Winding along the canal will be a new $42 million parkway, which won state approval last month, linking the downtown tourist center with the southern reaches of the city and the Cumberland Regional Airport, across the Potomac in West Virginia.

To Casper R. Taylor Jr., a Cumberland native and speaker of the Maryland House of Delegates, the project provides a recipe for reviving the economy in his hometown, hard hit in recent years by the loss of one factory after another.

On a sunny afternoon last weekend, Mr. Taylor strolled along lifeless railroad tracks and imagined a vastly different scene.

Imagine, he said, a river front bustling with visitors riding on canal boats, steam trains, horse-drawn carriages, canoes. Picture now-empty warehouses crowded with throngs of visitors savoring a plethora of hands-on (and climb-on) exhibits and archives chronicling transportation and industries such as coal, steel and textiles. On this corner, a high-rise hotel would be built, on that street, new shops and restaurants. In the park, concerts, festivals and storytellers would entertain. In downtown and on the waterfront, actors would lead historically correct tours based on exhaustive oral histories and other research.

"If you can just envision tying all this together, we have all these cultural gems buried here," Mr. Taylor said.

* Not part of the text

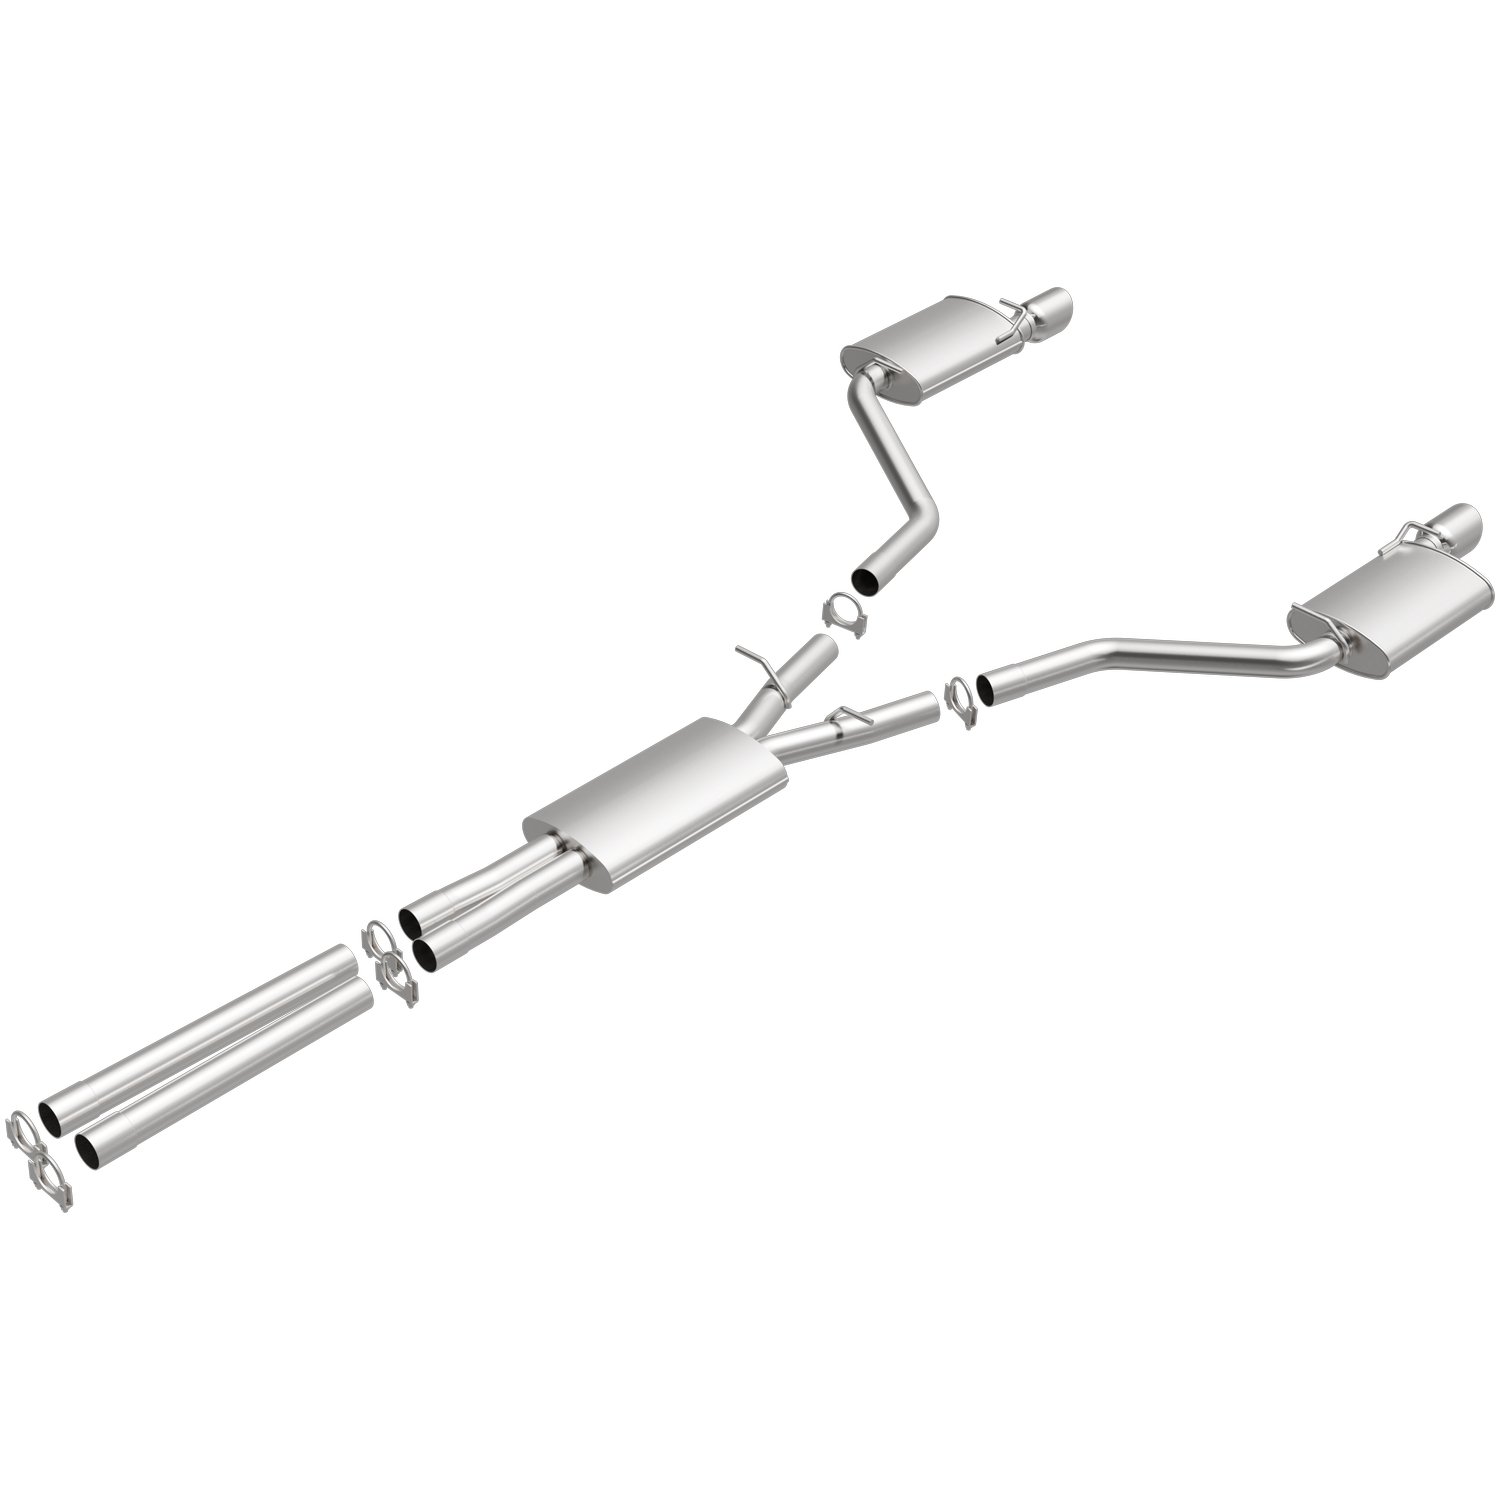 Direct-Fit Exhaust Kit, 2005-2010 Dodge Magnum/Charger, Chrysler

Mr. Taylor, an Allegany County Democrat, has been a leader in the Canal Place effort for years. He backed the 1993 legislation that created Maryland's first "heritage preservation tourism area" and the new state agency overseeing the project, the Canal Place Preservation and Development Authority. The authority -- composed of six members appointed by the governor and others representing the U.S. Department of the Interior, the Maryland Historical Trust and the Cumberland mayor and City Council -- devised the long-term blueprint designed to promote development and economic growth while preserving the city's heritage.

Cumberland could soon serve as a model for other such districts statewide. Under a measure sponsored by Mr. Taylor and expected to receive General Assembly approval, such locally based authorities could receive up to $1 million in state grants and loans, float revenue bonds and benefit from a host of tax breaks.

The idea is to better capitalize on Maryland's rich history.

"Tourism as an industry is growing by leaps and bounds, and a big part of that growth is heritage tourism," Mr. Taylor said. "When you stop and think about it, the East Coast has the bulk of the heritage because the East Coast is where the country started. So we've got heritage and cultural sites that no one else has. We've got the Revolutionary War history. We've got the Colonial history. We've got the Civil War. We've got the transportation heritage. We've got it all right here."

In Cumberland, the Canal Place project has gained considerable momentum in recent months, with approval of the $42 million parkway. The roadway has long been seen as crucial to the project's success to provide easy access to the historic tourism area.

The Canal Place authority is now turning its attention to another big-ticket item, rebuilding and rewatering the terminus of the C&O Canal, expected to cost at least $35 million. The U.S. Army Corps of Engineers, working with the National Park Service, which owns the national parkland abutting the 185-mile long Cumberland-Georgetown canal, has begun engineering studies for the project, and is expected to approve at least part of its cost next year, Mr. Taylor said.